The price point

24.07.2006

As a result, pricing is simplistic and formulaic at many companies. They either peg their prices to competitors' prices, called pricing to the market, or they add up production costs and tack on a standard markup, called cost-plus pricing.

A third and better approach, value pricing, involves segmenting buyers and setting prices based on the characteristics of each segment. For example, airlines guess that the business executive buying a ticket for a flight across the country next week will pay $1,000 for his seat, but the man planning a vacation for his family next summer won't pay more than $250 for the same seat. Value pricing requires good data mining and modeling capabilities as well as good analytic tools for understanding the results of pricing decisions.

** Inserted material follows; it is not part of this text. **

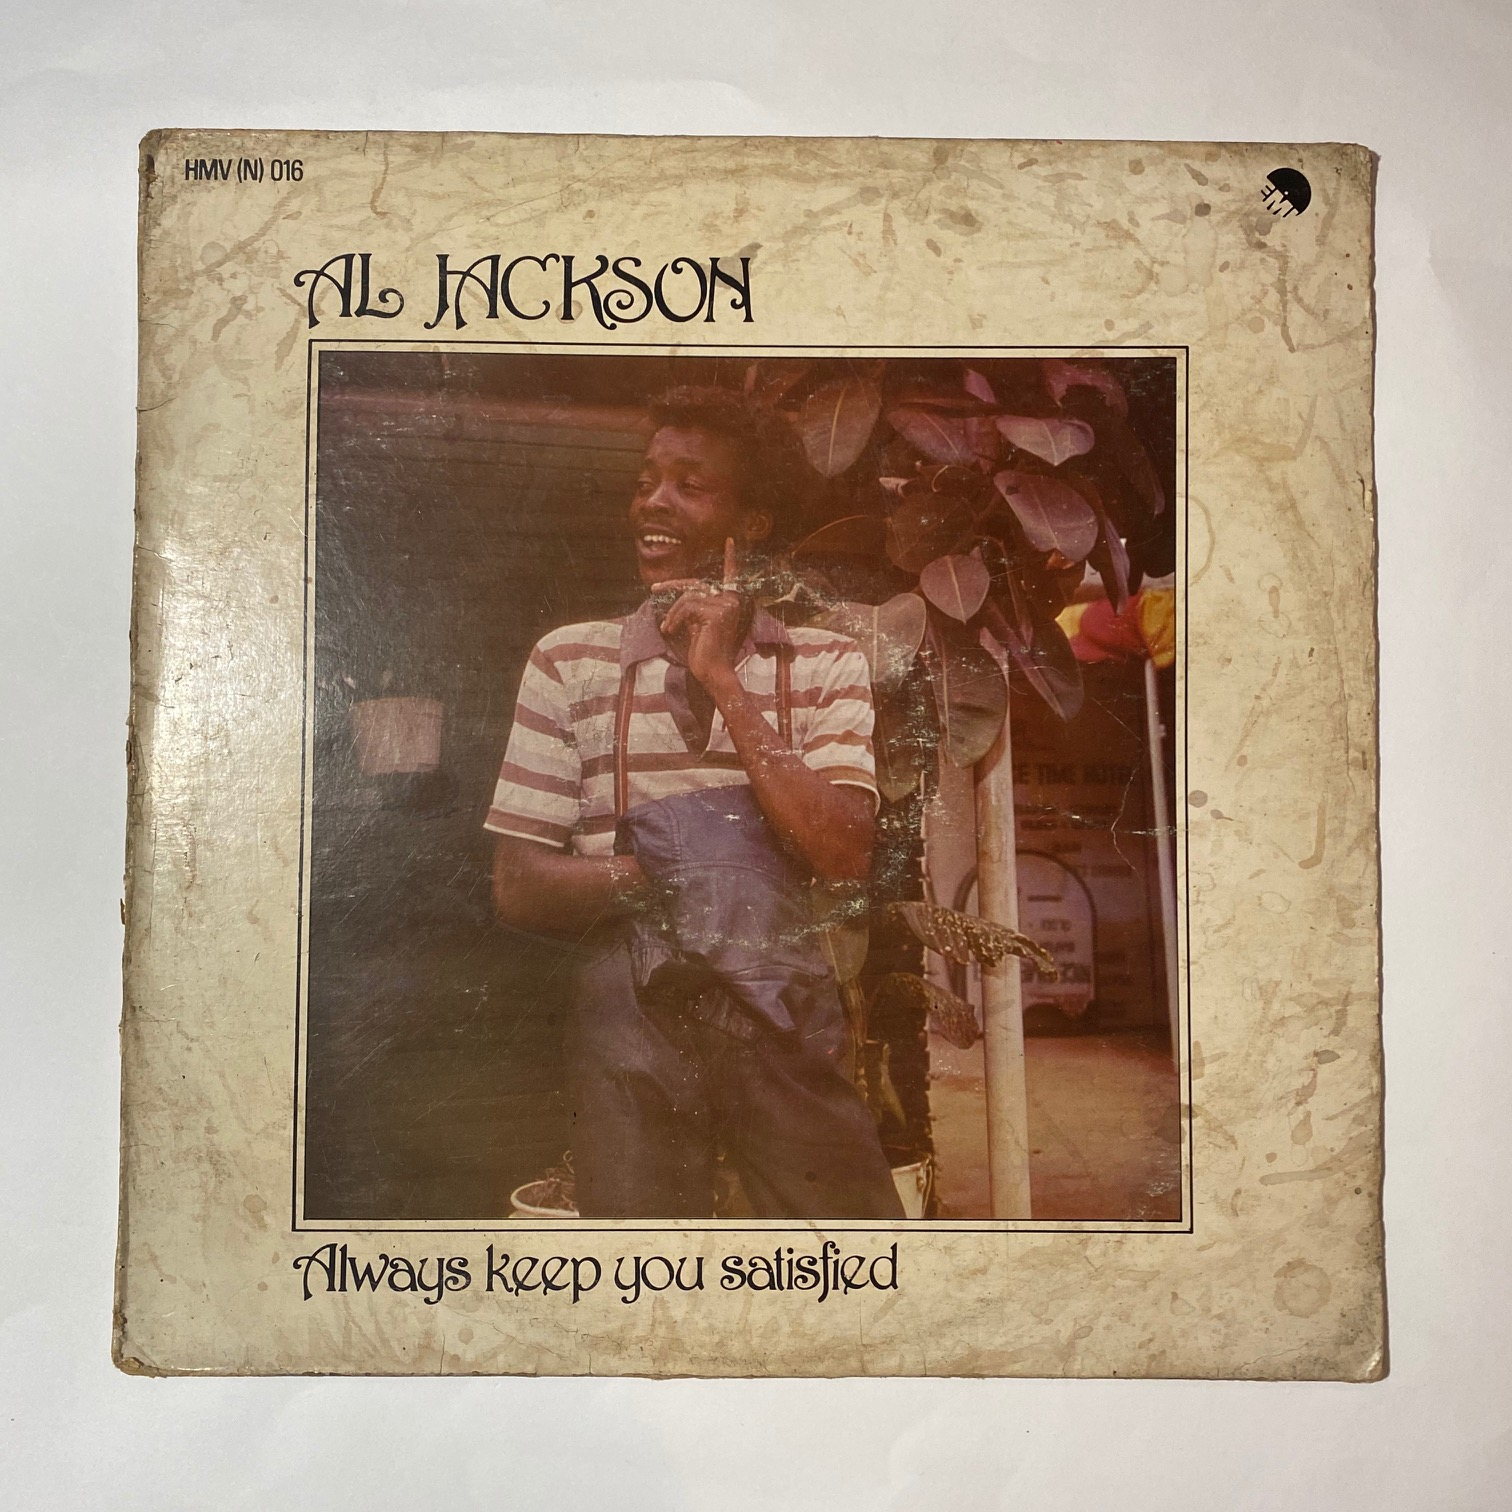 Al Jackson Always keep you satisfied

Rich Farrell, vice president of information services at Piggly Wiggly Carolina Co., says that until 2005, the 115-store grocery chain used old-fashioned, ad hoc methods to set prices. "We knew the cost of product from suppliers. We had designated markups. We kind of knew what our competitors were offering, and it was a manual process," he says.

Now Piggly Wiggly uses the Consumer Demand Management service from DemandTec Inc. in San Carlos, Calif. Piggly Wiggly provides point-of-sale transaction histories and information about its 20,000 products to the model, which is run by DemandTec. It also specifies three objectives: Increase sales x percent, increase margins y percent, and maintain a favorable "price image" (neither too high nor too low compared with competitors). Suggested prices from the model, by product and store, go back to a pricing group at Piggly Wiggly.

The four-person pricing group is new, Farrell says. It has taken over the work previously done by buyers and others throughout the company while also maintaining the models run by DemandTec. "You need some dedicated people to manipulate and operate the model," Farrell says.